A history of sun exposure. We all know that tanning or being out in the sun unprotected is dangerous, but still forget to put on sunscreen consistently. UV radiation from the sun causes damage to the DNA in the cells of our skin. Over time, this repeated damage can lead to the formation of cancer cells. People with a history of repeated, blistering burns as a child are at the greatest risk. Indoor tanning beds are especially risky and even worse than the sun in terms of the damage they do to the skin.
A family history of skin cancer. If your parents or a sibling has has a skin cancer, you have an increased chance of developing one yourself.
A personal history of skin cancer. People who have had one skin cancer are at a much greater risk of developing a subsequent cancer in the future, or of having a recurrence.
Precancerous Skin Lesions. There are many benign lesions that arise as a result of sun damage that can change into cancer. These lesions may be scaly, patchy, red, or look like a mole or other dark spot.
Moles. Individuals who have many moles on their skin or moles with many different colors known as dysplastic nevi are at increased risk. Any mole which has changed shape size or color she be checked out by a skin cancer specialist immediately.
A Weakened Immune System. People who have a lowered immune response as a result of chemotherapy, immune system diseases such as HIV, or who are immunosuppressed as a result of steroid use or have undergone an organ transplant have a higher risk of skin cancer. This is because one of the important functions of our immune system is to fight cancers as well as infections.
Warning Signs for Skin Cancer
Any changes to the texture, color or shape of a specific area of your skin should be examined by a skin cancer specialist.

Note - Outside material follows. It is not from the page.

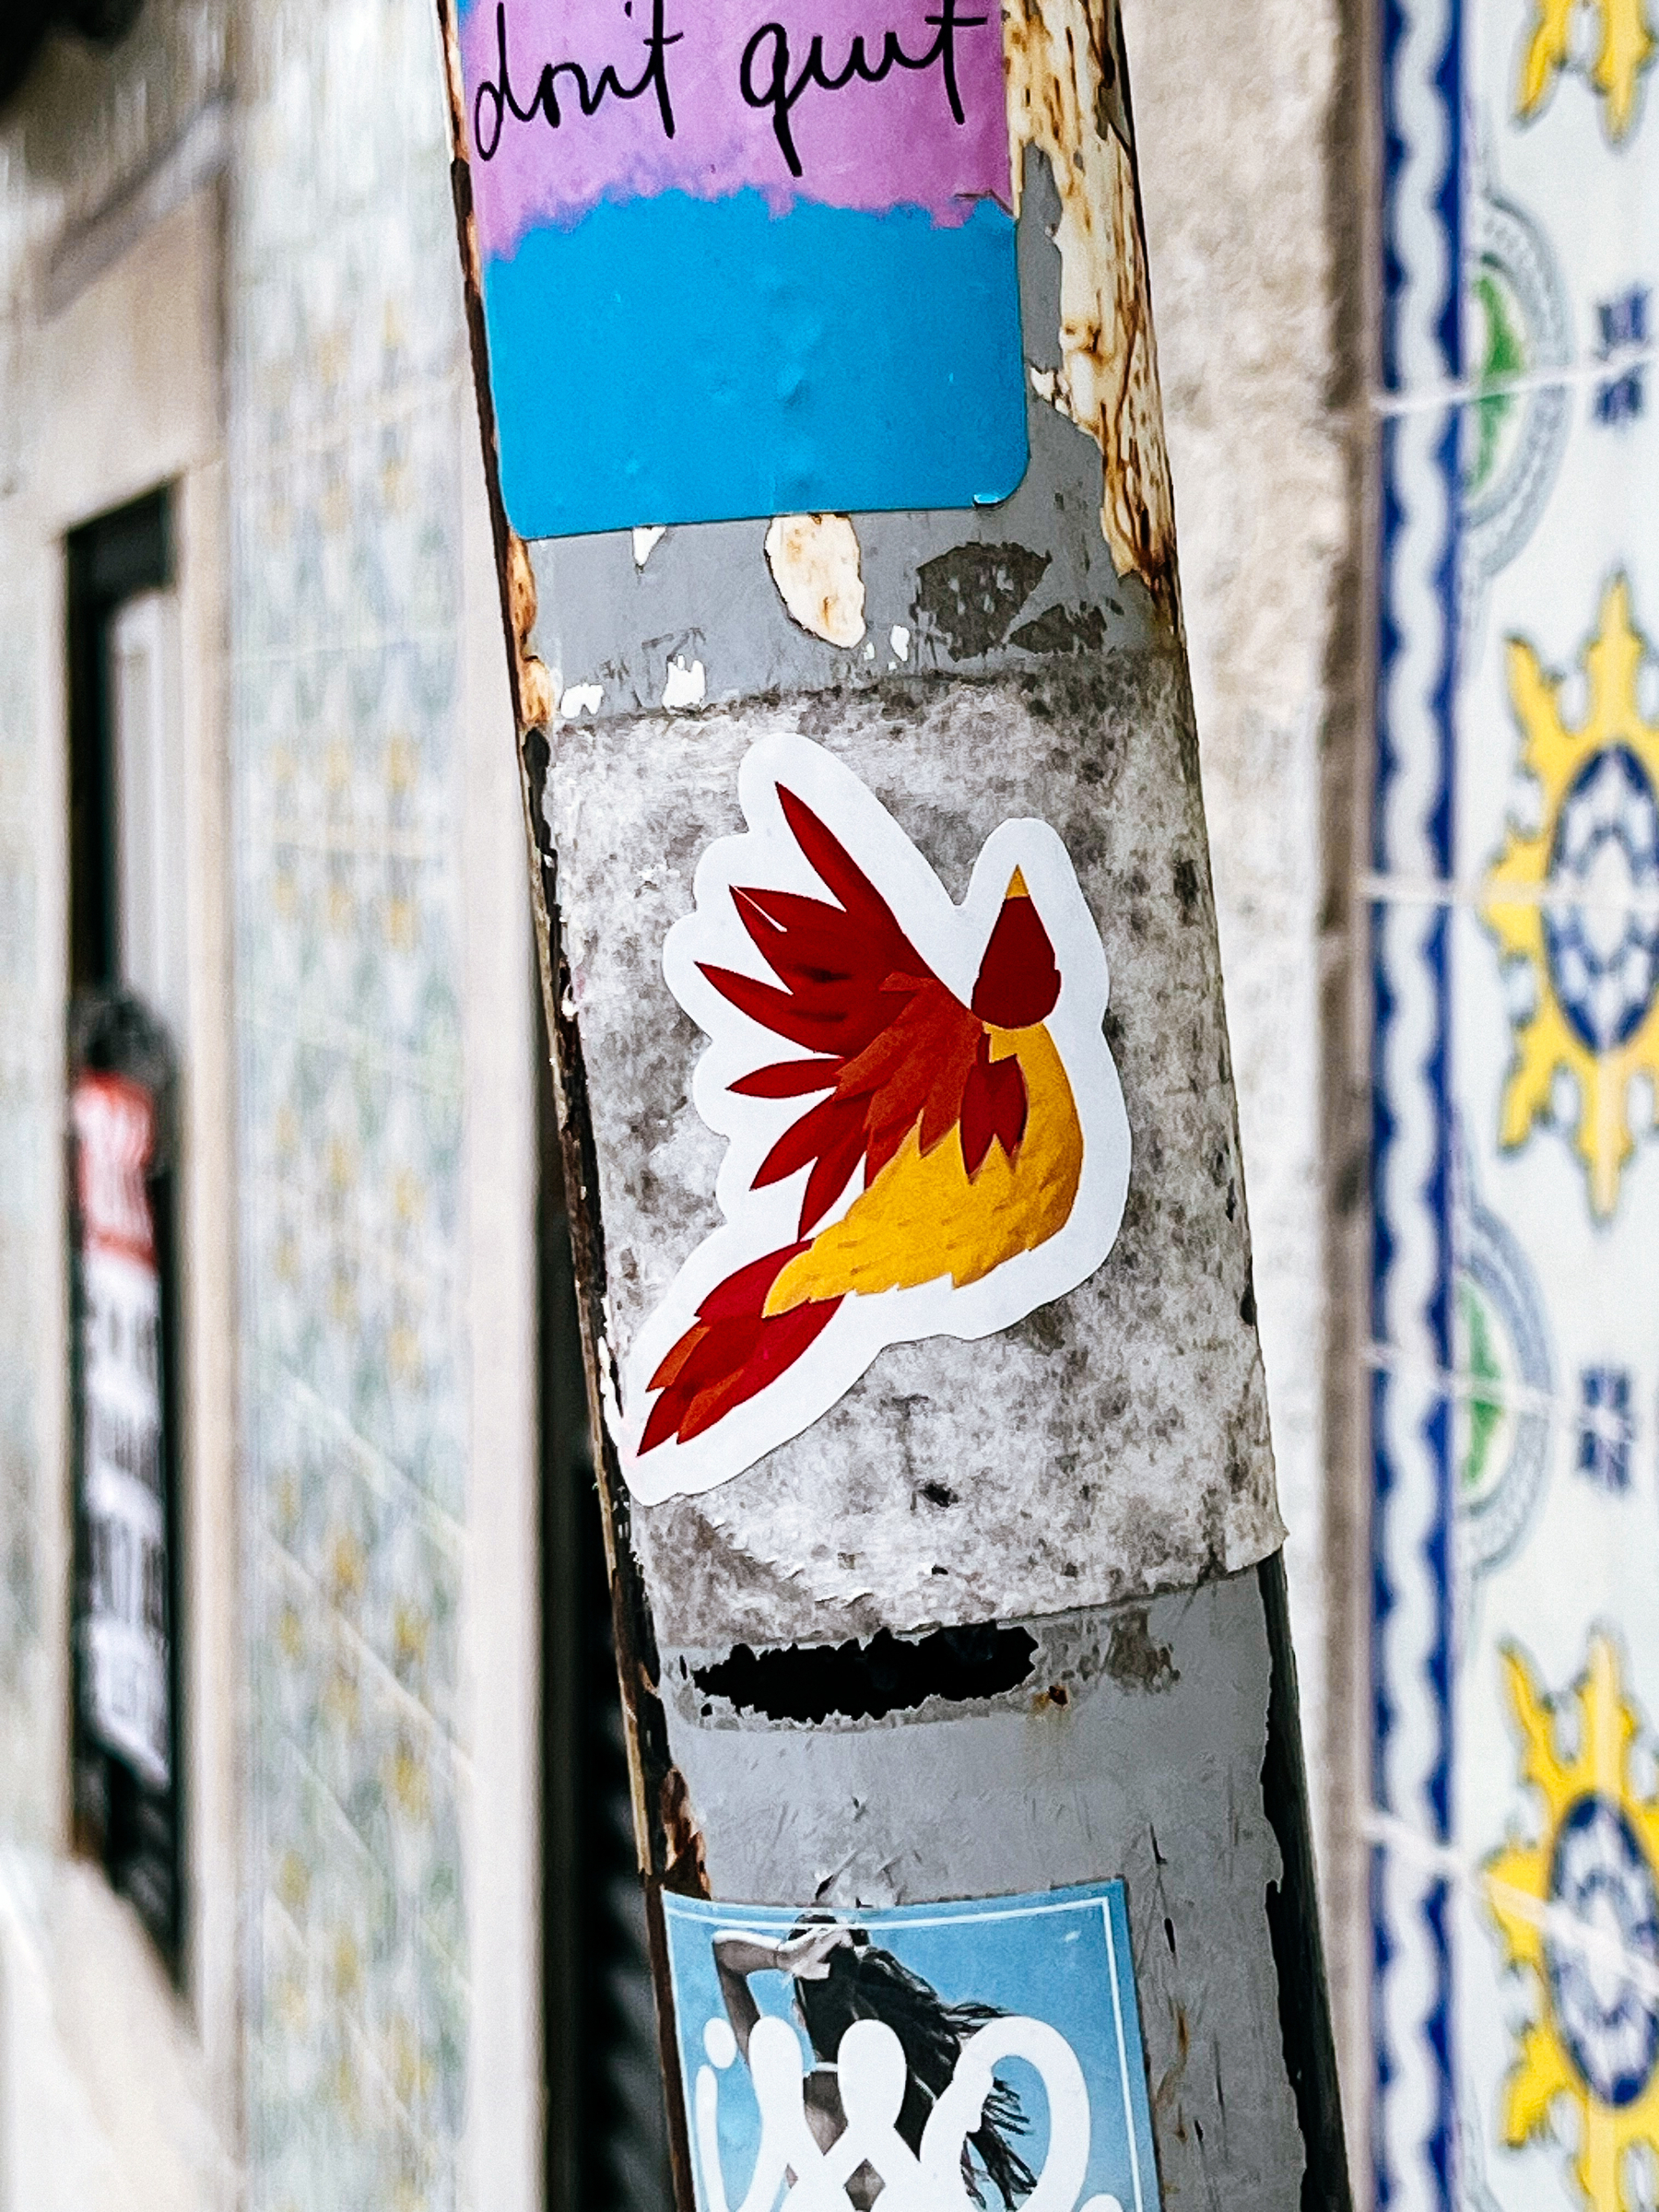 Stickers on a pole, one with a winged design and another saying &ldquo;don&rsquo;t quit,&rdquo; next to decorative tiles.

An easy method to stay in touch with your skin’s health is a self exam performed once a month. Take note of any color changes, moles, or new growths and point them out to your physician. Lesions that itch, bleed, or do not heal can be a sign of a cancer or precancerous lesions. Moles which have changed in size, shape or color are also to be considered suspicious and should warrant a biopsy. Taking a photo and dating it is very helpful to monitor any changes. Be sure to check behind the ears and in the hairline as these are hard to see areas and places where lesions may hide.
Physicians have come up with two methods of detecting skin cancers, specifically melanomas, in their early stages which gives the best chance of cure. These are known as the ABCDE’s and The Ugly Duckling Sign.
Evaluation and Diagnosis of Skin Cancer
If you have a lesion or mole which has any of the ABCDE’s above or is painful, itchy, or does not heal, you need to see a skin cancer specialist such as a facial plastic surgeon, plastic surgeon, or dermatologist. Most skin lesions tend to be benign, but if they are cancerous, the earlier they are caught and treated the greater the chance of complete cure. This is especially important if you are fair skinned or have a history of sun exposure.
During your evaluation by a doctor, a biopsy may be performed to send a sample of tissue to be examined by a pathologist. This is a simple procedure and causes little to no pain. We perform this procedure quite often in our office. By obtaining a biopsy, your doctor can have a firm diagnosis and make an effective plan for treatment for you.
If a lesion is determined to be a skin cancer, treatment generally consists of surgical removal of the area and a small amount of surrounding tissue. In the case of melanoma, futher blood testing or X-Ray imaging is often required as this is the most dangerous type of skin cancer and can spread to other parts of the body (metastasis).
One specialized skin cancer procedure is known as MOHS surgery. MOHS surgeons are dermatologists who have had additional training in skin surgery and reconstruction. Dr Shaw works closely with several local MOHS surgeons and often assists them with complicated facial reconstruction.